Unternehmen | Umsatz 2021 | Veränderung 2021/20 1) | Marktanteil 2) |
---|---|---|---|
Pfizer | 343 | 661,4 | 7,6 |
238 | -2,2 | 5,2 | |
Empifarma | 218 | 10,8 | 4,8 |
Novartis | 206 | -2,6 | 4,5 |
Hikma | 184 | 4,8 | 4,0 |
Sanofi | 150 | -1,7 | 3,3 |
Tecnimede | 138 | 10,2 | 3,0 |
Bayer | 136 | 5,7 | 3,0 |
Roche Farmaceutica | 119 | -7,4 | 2,6 |
Mylan | 116 | -1,8 | 2,6 |
Internationale Pharmaunternehmen importieren zumeist fertige Produkte aus dem Ausland und besitzen keine Werke in Portugal. Dennoch forschen und entwickeln auch Pharmaunternehmen im Lande. Laut den neuesten Angaben von Apifarma für 2021 wurden dafür knapp 121 Millionen Euro vor allem aus Eigenmitteln der Unternehmen aufgewendet. Im Jahr 2022 wurden 152 klinische Versuche genehmigt.
Das Health Cluster Portugal arbeitet dafür, die Forschung und Entwicklung sowie Arzneimittelherstellung im Land zu stärken. Als Pluspunkte gilt das Innovationspotenzial von circa 300 Start-ups im Gesundheitsbereich. Für die medizinische Biotechnologie bestehen günstige Bedingungen im Land. Dazu zählen qualifizierte Fachkräfte und eine intensive Zusammenarbeit von Unternehmen mit Universitäten.

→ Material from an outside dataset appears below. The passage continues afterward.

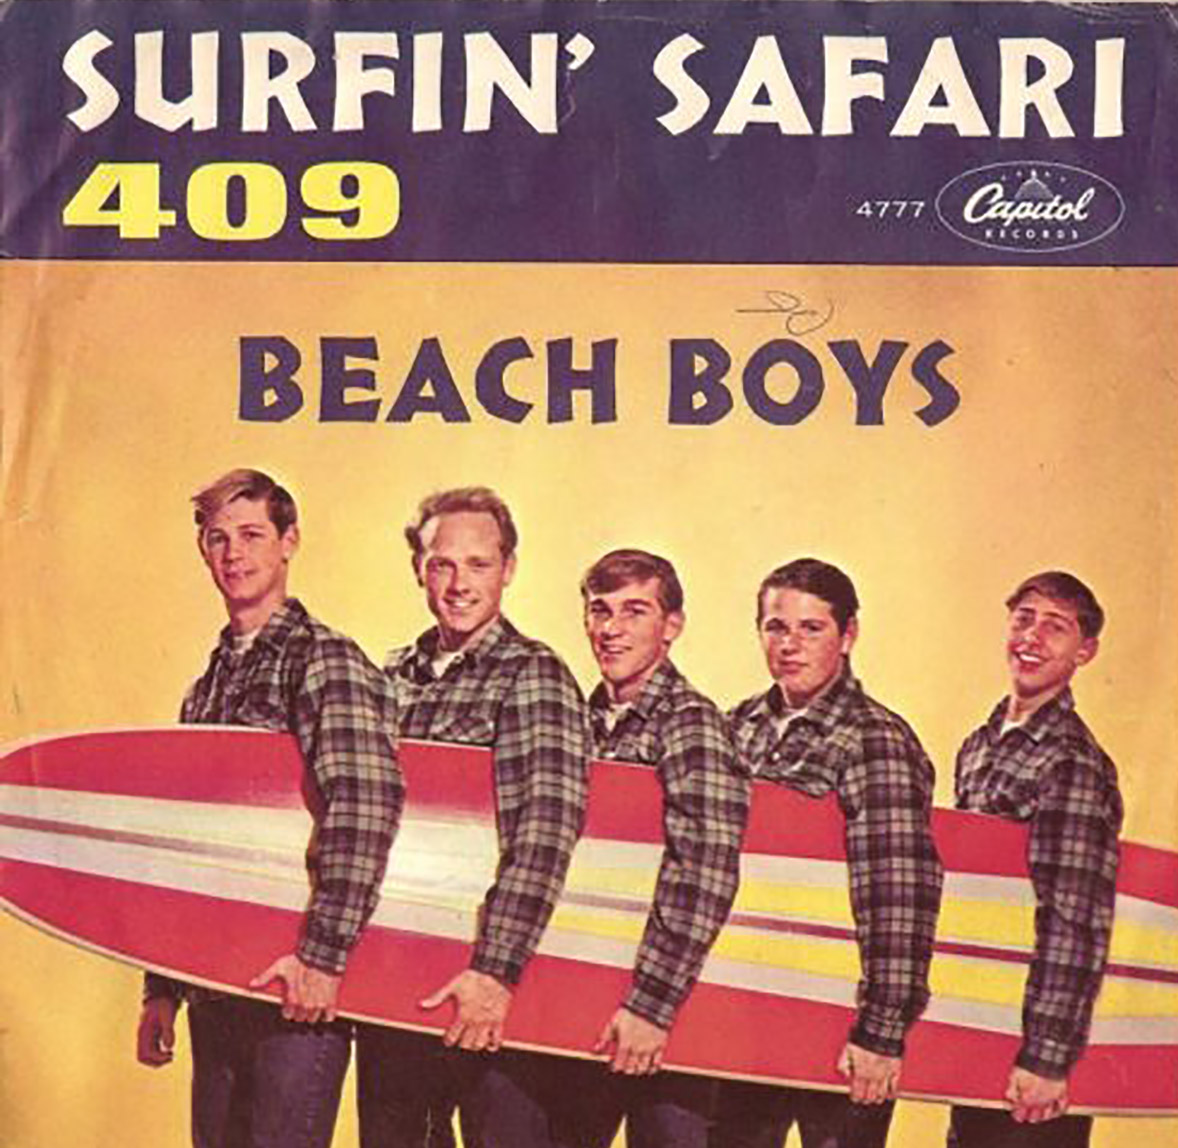 Thursday CarTune: 409 by The Beach Boys

Durch liberale Regelungen soll das Potenzial der medizinischen Nutzung von Cannabis ausgeschöpft werden. Unternehmen benötigen eine Genehmigung dafür. Der Vertrieb ist zulässig, wenn portugiesische Patienten Cannabis verschrieben bekommen. Zudem ist der Export in Länder gestattet, in denen die medizinische Cannabisnutzung ebenfalls erlaubt ist.

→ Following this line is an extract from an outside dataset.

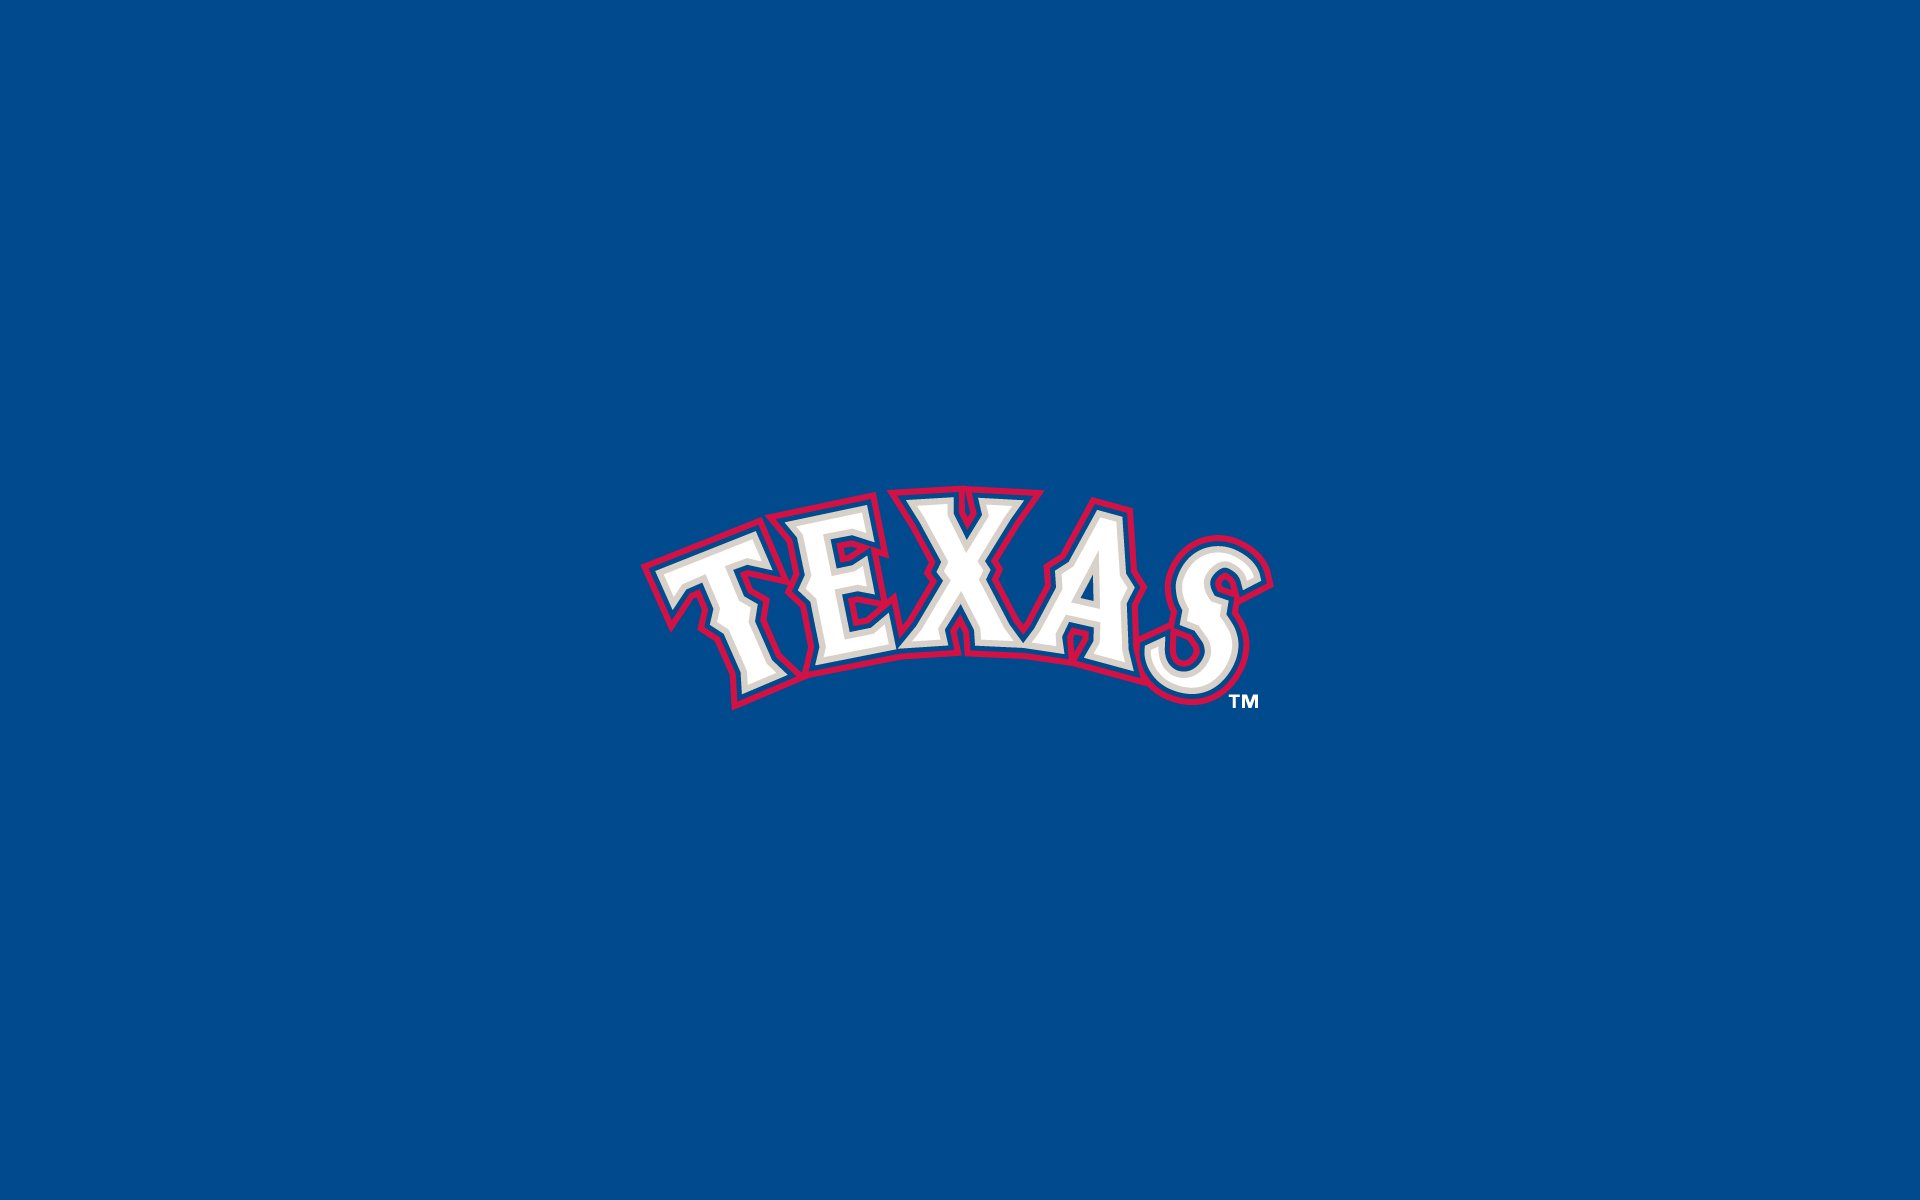 Texas Rangers Baseball Mlb Wallpaper Background

Referenzländer bilden den Maßstab für Preisanpassungen
Das Gesundheitsministerium passt jährlich im Frühling die Preise von Medikamenten an. Dabei orientiert es sich an den vier Referenzländern Frankreich, Italien, Spanien und Slowenien. Für die Erstattung von verschreibungspflichtigen Medikamenten existiert eine Positivliste.
Volle Kostenerstattungen existieren nur für einige Gruppen, wie Rentner mit geringen Einkommen. Auch wenn die Preise von Generika und Markenarzneimitteln unterhalb bestimmter Referenzwerte liegen, werden sie vollständig erstattet. Infarmed ist die Zulassungsbehörde für Medikamente und analysiert Kosten und Nutzen, um die Erstattungsfähigkeit festzustellen. Zudem informiert die Behörde in ihrem Internetauftritt über Präparate, die in Portugal verwendet werden.